## Exercise
Extract all of the data and reproduce it precisely.

## Collected data
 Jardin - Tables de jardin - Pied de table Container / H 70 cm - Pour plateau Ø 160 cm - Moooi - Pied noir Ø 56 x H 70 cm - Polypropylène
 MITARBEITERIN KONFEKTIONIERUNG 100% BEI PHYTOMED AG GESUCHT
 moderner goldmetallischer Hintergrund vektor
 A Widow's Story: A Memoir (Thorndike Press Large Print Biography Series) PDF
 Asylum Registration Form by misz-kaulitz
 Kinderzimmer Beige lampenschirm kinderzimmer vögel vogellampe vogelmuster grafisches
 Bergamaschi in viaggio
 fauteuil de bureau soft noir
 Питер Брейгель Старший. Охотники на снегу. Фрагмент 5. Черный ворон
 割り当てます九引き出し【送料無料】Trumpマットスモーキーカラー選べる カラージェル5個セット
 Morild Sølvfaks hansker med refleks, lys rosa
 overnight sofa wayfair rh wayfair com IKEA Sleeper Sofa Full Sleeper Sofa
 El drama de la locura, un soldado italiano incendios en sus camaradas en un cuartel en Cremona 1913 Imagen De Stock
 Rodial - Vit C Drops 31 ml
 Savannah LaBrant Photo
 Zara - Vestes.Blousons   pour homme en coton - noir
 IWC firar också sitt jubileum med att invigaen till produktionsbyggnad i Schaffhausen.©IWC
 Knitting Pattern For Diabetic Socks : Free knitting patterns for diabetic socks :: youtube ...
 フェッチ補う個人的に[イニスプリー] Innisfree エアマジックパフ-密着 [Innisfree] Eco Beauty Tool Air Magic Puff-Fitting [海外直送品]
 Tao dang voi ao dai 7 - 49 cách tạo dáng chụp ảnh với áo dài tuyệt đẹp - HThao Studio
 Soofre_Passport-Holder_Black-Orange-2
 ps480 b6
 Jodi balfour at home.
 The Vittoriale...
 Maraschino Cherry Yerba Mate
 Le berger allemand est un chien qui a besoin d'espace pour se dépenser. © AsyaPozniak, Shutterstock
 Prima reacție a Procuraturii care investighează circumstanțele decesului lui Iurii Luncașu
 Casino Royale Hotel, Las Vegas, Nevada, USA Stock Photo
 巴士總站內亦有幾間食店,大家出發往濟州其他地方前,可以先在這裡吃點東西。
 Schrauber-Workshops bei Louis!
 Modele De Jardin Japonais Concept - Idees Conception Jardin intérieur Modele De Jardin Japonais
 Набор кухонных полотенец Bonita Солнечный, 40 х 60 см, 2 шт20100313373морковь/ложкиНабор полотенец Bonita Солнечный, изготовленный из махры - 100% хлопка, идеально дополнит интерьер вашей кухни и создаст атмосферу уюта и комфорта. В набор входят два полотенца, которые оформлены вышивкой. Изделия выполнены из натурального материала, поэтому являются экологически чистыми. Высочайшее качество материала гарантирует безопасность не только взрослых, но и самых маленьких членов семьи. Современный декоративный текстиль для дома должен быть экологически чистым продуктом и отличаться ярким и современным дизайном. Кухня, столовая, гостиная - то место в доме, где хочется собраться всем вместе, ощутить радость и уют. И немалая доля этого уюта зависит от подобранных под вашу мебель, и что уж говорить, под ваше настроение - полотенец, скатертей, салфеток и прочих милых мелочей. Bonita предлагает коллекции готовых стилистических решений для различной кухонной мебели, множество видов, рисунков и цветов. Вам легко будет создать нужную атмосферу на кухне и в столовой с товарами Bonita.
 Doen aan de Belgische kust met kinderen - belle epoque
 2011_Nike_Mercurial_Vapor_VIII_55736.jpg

## Exercise solution
 Jardin - Tables de jardin - Pied de table Container / H 70 cm - Pour plateau Ø 160 cm - Moooi - Pied noir Ø 56 x H 70 cm - Polypropylène
 MITARBEITERIN KONFEKTIONIERUNG 100% BEI PHYTOMED AG GESUCHT
 moderner goldmetallischer Hintergrund vektor
 A Widow's Story: A Memoir (Thorndike Press Large Print Biography Series) PDF
 Asylum Registration Form by misz-kaulitz
 Kinderzimmer Beige lampenschirm kinderzimmer vögel vogellampe vogelmuster grafisches
 Bergamaschi in viaggio
 fauteuil de bureau soft noir
 Питер Брейгель Старший. Охотники на снегу. Фрагмент 5. Черный ворон
 割り当てます九引き出し【送料無料】Trumpマットスモーキーカラー選べる カラージェル5個セット
 Morild Sølvfaks hansker med refleks, lys rosa
 overnight sofa wayfair rh wayfair com IKEA Sleeper Sofa Full Sleeper Sofa
 El drama de la locura, un soldado italiano incendios en sus camaradas en un cuartel en Cremona 1913 Imagen De Stock
 Rodial - Vit C Drops 31 ml
 Savannah LaBrant Photo
 Zara - Vestes.Blousons   pour homme en coton - noir
 IWC firar också sitt jubileum med att invigaen till produktionsbyggnad i Schaffhausen.©IWC
 Knitting Pattern For Diabetic Socks : Free knitting patterns for diabetic socks :: youtube ...
 フェッチ補う個人的に[イニスプリー] Innisfree エアマジックパフ-密着 [Innisfree] Eco Beauty Tool Air Magic Puff-Fitting [海外直送品]
 Tao dang voi ao dai 7 - 49 cách tạo dáng chụp ảnh với áo dài tuyệt đẹp - HThao Studio
 Soofre_Passport-Holder_Black-Orange-2
 ps480 b6
 Jodi balfour at home.
 The Vittoriale...
 Maraschino Cherry Yerba Mate
 Le berger allemand est un chien qui a besoin d'espace pour se dépenser. © AsyaPozniak, Shutterstock
 Prima reacție a Procuraturii care investighează circumstanțele decesului lui Iurii Luncașu
 Casino Royale Hotel, Las Vegas, Nevada, USA Stock Photo
 巴士總站內亦有幾間食店,大家出發往濟州其他地方前,可以先在這裡吃點東西。
 Schrauber-Workshops bei Louis!
 Modele De Jardin Japonais Concept - Idees Conception Jardin intérieur Modele De Jardin Japonais
 Набор кухонных полотенец Bonita Солнечный, 40 х 60 см, 2 шт20100313373морковь/ложкиНабор полотенец Bonita Солнечный, изготовленный из махры - 100% хлопка, идеально дополнит интерьер вашей кухни и создаст атмосферу уюта и комфорта. В набор входят два полотенца, которые оформлены вышивкой. Изделия выполнены из натурального материала, поэтому являются экологически чистыми. Высочайшее качество материала гарантирует безопасность не только взрослых, но и самых маленьких членов семьи. Современный декоративный текстиль для дома должен быть экологически чистым продуктом и отличаться ярким и современным дизайном. Кухня, столовая, гостиная - то место в доме, где хочется собраться всем вместе, ощутить радость и уют. И немалая доля этого уюта зависит от подобранных под вашу мебель, и что уж говорить, под ваше настроение - полотенец, скатертей, салфеток и прочих милых мелочей. Bonita предлагает коллекции готовых стилистических решений для различной кухонной мебели, множество видов, рисунков и цветов. Вам легко будет создать нужную атмосферу на кухне и в столовой с товарами Bonita.
 Doen aan de Belgische kust met kinderen - belle epoque
 2011_Nike_Mercurial_Vapor_VIII_55736.jpg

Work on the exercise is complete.